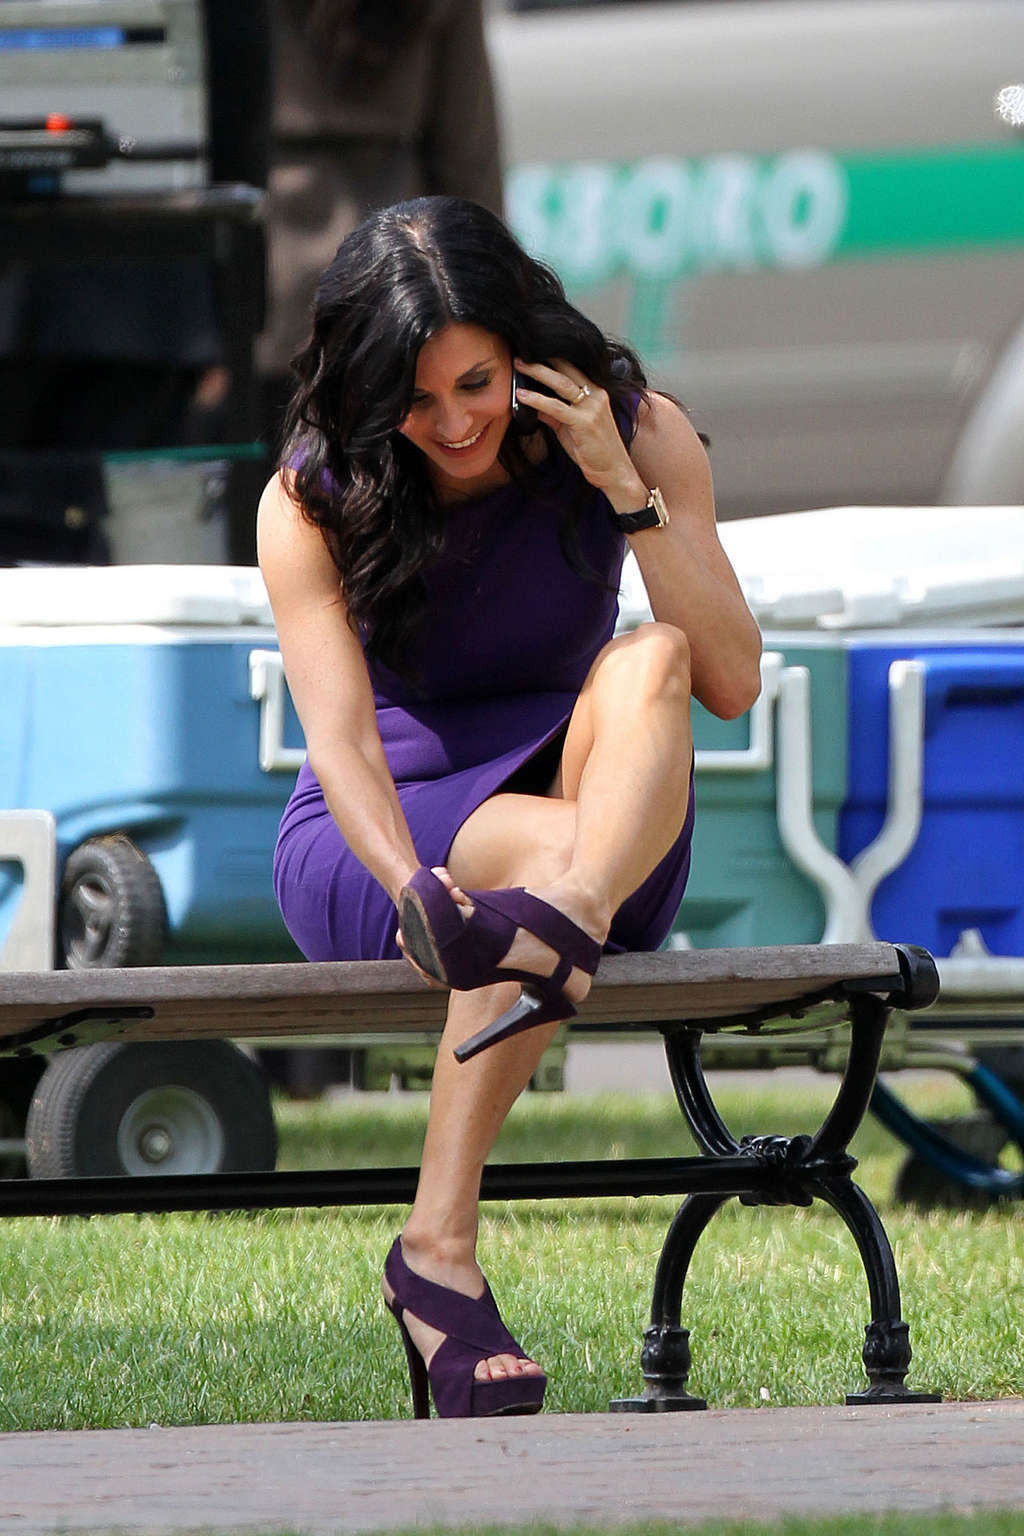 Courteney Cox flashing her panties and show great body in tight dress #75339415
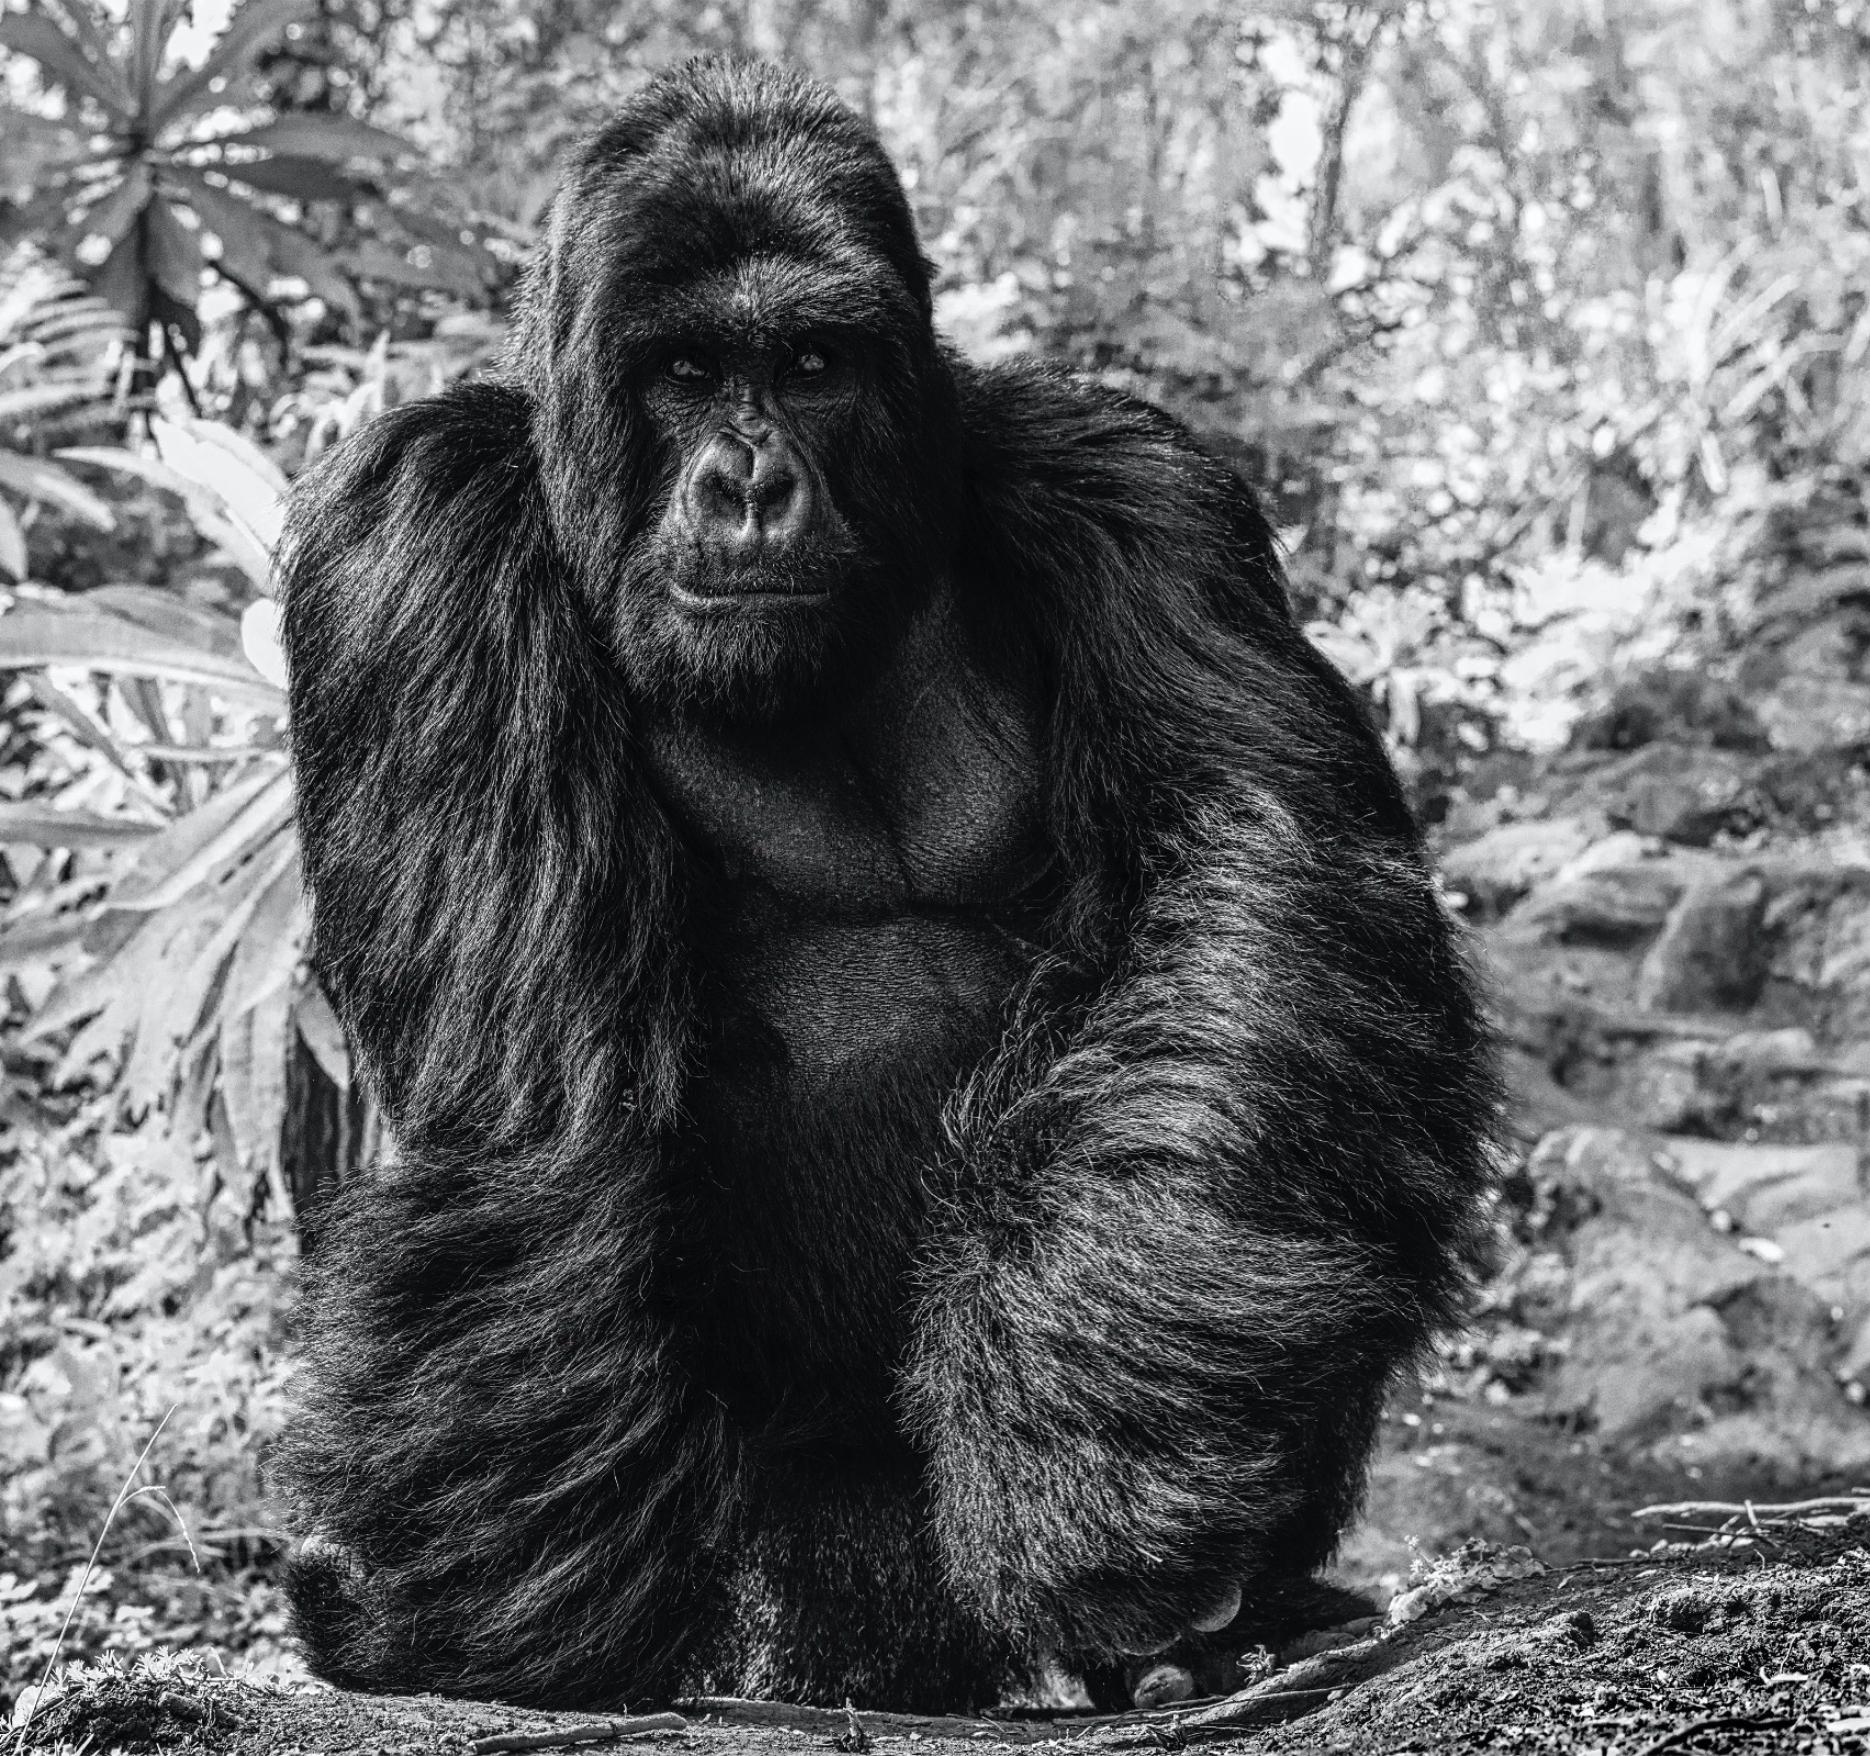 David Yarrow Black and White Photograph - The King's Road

---

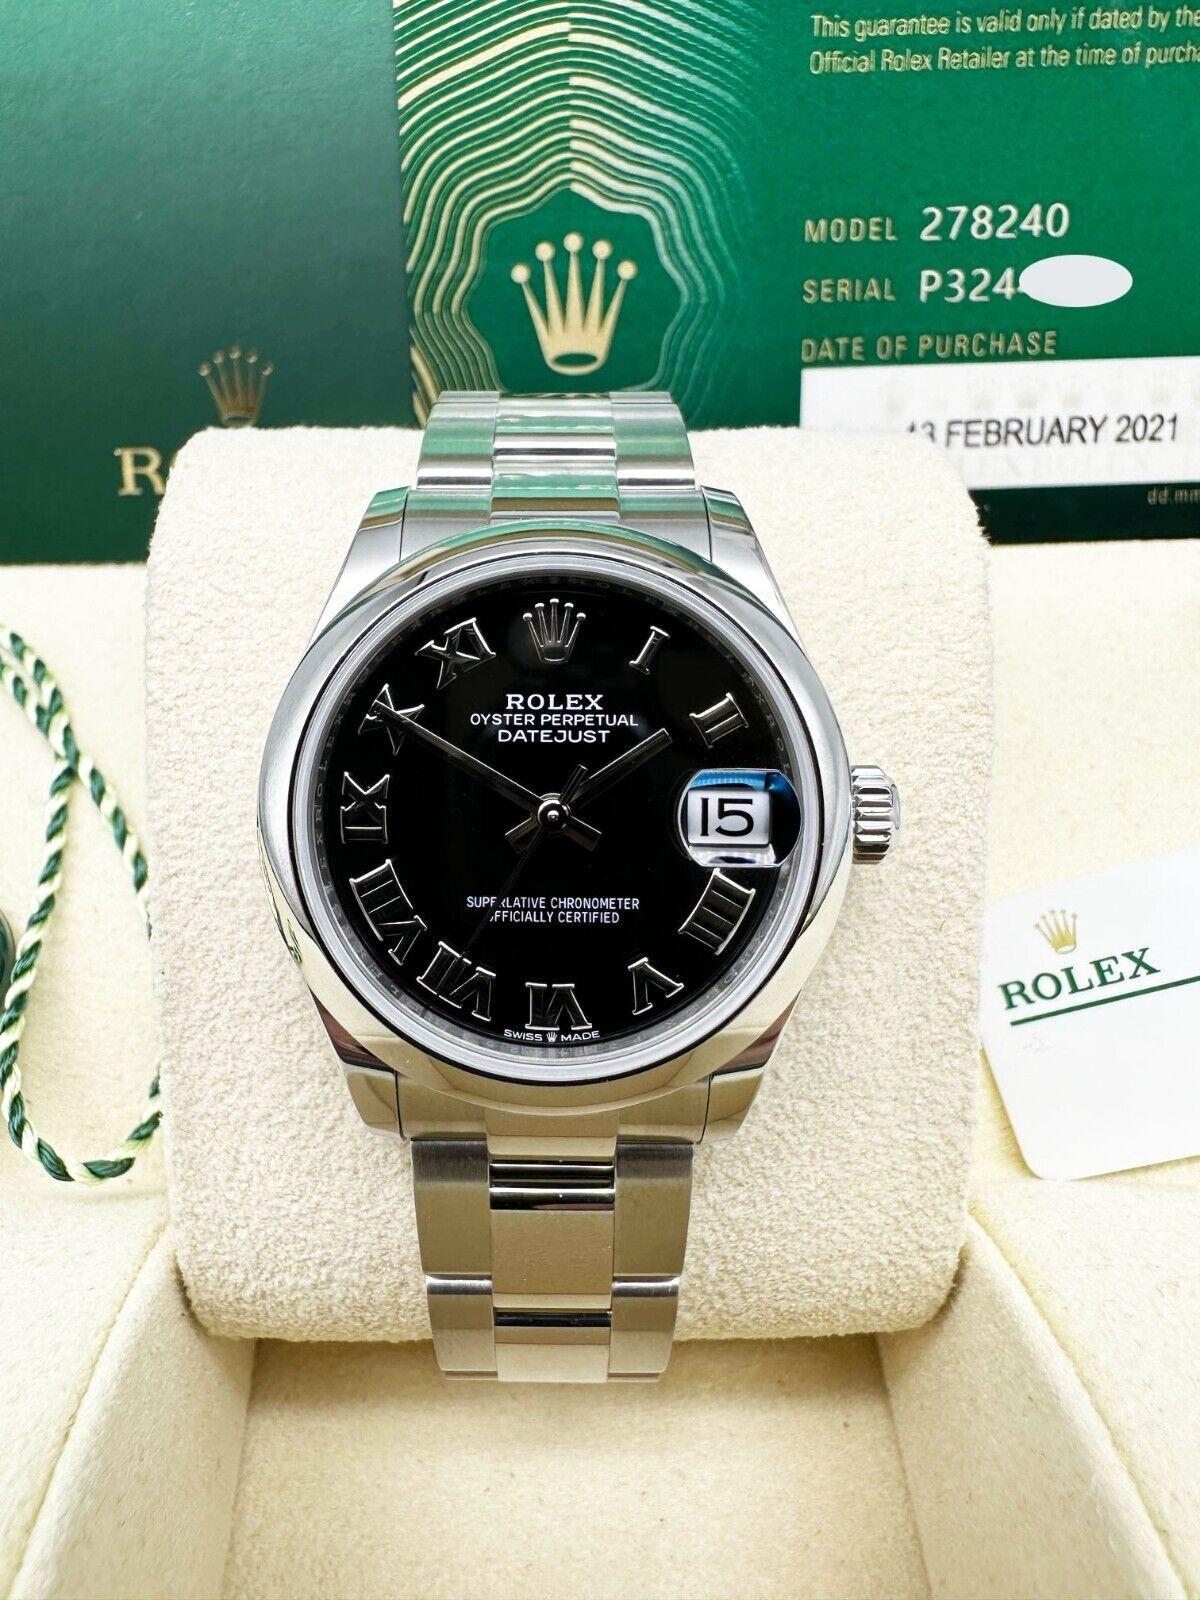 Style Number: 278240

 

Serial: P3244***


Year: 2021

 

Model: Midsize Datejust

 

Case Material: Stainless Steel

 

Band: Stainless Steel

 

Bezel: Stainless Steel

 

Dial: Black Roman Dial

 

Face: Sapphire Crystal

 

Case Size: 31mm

**Task directions**
Copy out each line of the listing that holds "Case".

**Result**
Case Material: Stainless Steel
Case Size: 31mm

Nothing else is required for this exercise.